[DIYbio] Re: Democratizing Science - What can we do?

The discussion in this thread led by Josiah is exactly what has drawn me to DIY bio. I am a PhD candidate in Biomedical Engineering at Wayne State University. For going on 12 years of my career in academia, I've seen bright individuals get their PhDs or newly minted junior professors slave to this system of researching topics that *might* get them funding. The suggestion to stay in Academia and shoot for gaining tenure, while may sound like a supportive comment, is easier said than done. In my opinion and experience, continuing down that road ends in me running myself into the ground, not having enough time for my children, and inadvertently wreaking havoc on my marriage. My passion is biology and engineering, the future is so bright but the finding climate in academia is bleak beyond words. That's why I intend to take advantage of local resources on campus and launch a biotech hacker space in Detroit. (Actually, in Farmington Hills, halfway between UM Ann Arbor and Detroit, where I live, so we'll call it southeast Michigan to be honest haha).
Citizen science is where it's at and I want to join the movement in rebelling against this repressive environment in academia and industry, we must band together and take STEM back for the betterment of humanity and not just focusing on profit-oriented projects.

If anyone reading this is in the Southeast Michigan area, and is interested in joining STEAM Here & There, I'd love to talk more. I'm in the process of preparing my pitch for a competition at Wayne State in October. Those funds and legal services I already have free access to will be used to file a 501(c)3 to get the STEAM Here & There proverbial show on the road. We envision having a biotech hackerspace in a location easily accessible to the community, with a mobile unit that will travel about the Southeast Michigan area bringing pop-up science and tech events to schools and neighborhoods who otherwise would not have access to these resources.
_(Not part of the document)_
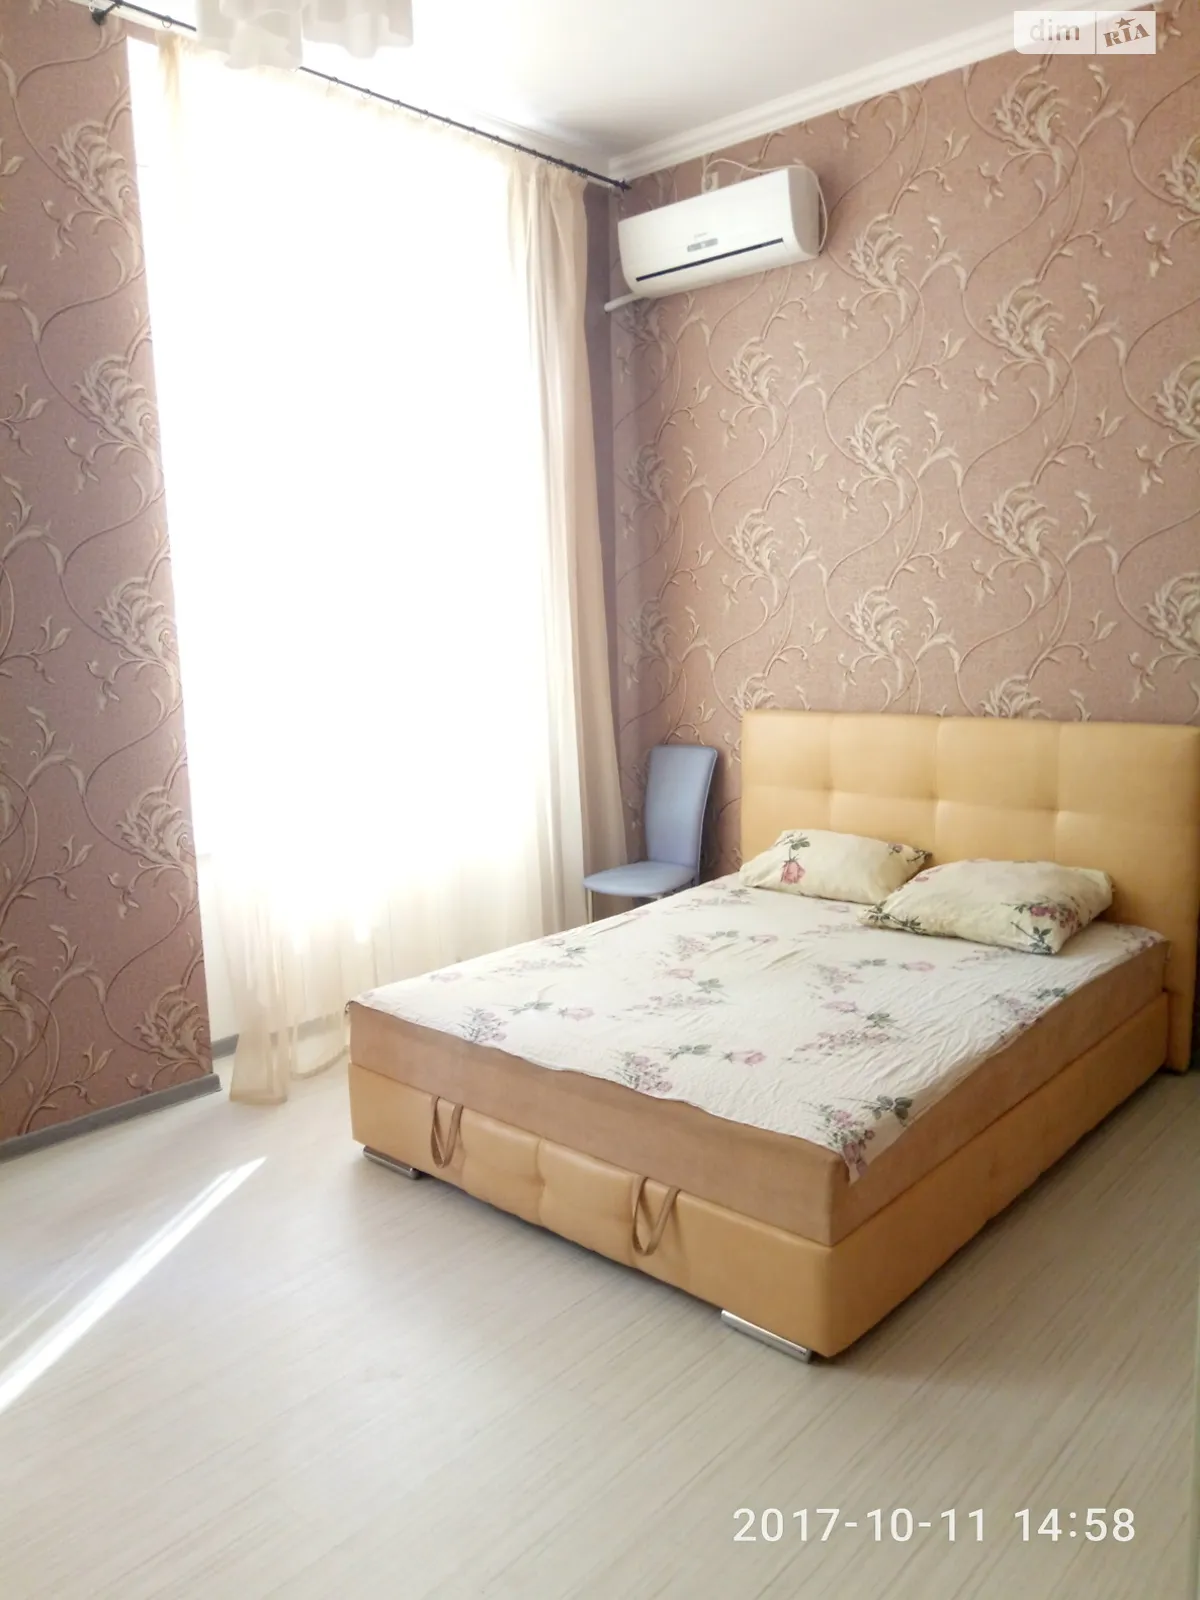 Сдается в аренду 1-комнатная квартира 40 кв. м в Одессе, ул. Бунина, 8 - фото 1

Regarding competent cells, Josiah, have you made these before at work? Or are these your first try ever at home? I used to be the lab manager in Dr. Allen Liu's lab at UM in Mechanical Engineering. His passion is synthetic biology. I've made competent BL21(DE3) (for protein expression) and DH5(alpha) which may be what you're working on. I would be happy to converse about troubleshooting! I know our first few batches when Allen started his lab at UM after moving from Scripps was that we needed to snap freeze. Do you have LN at home? If not, we used to out dry ice in absolute ethanol to get a solution cool enough for snap freezing!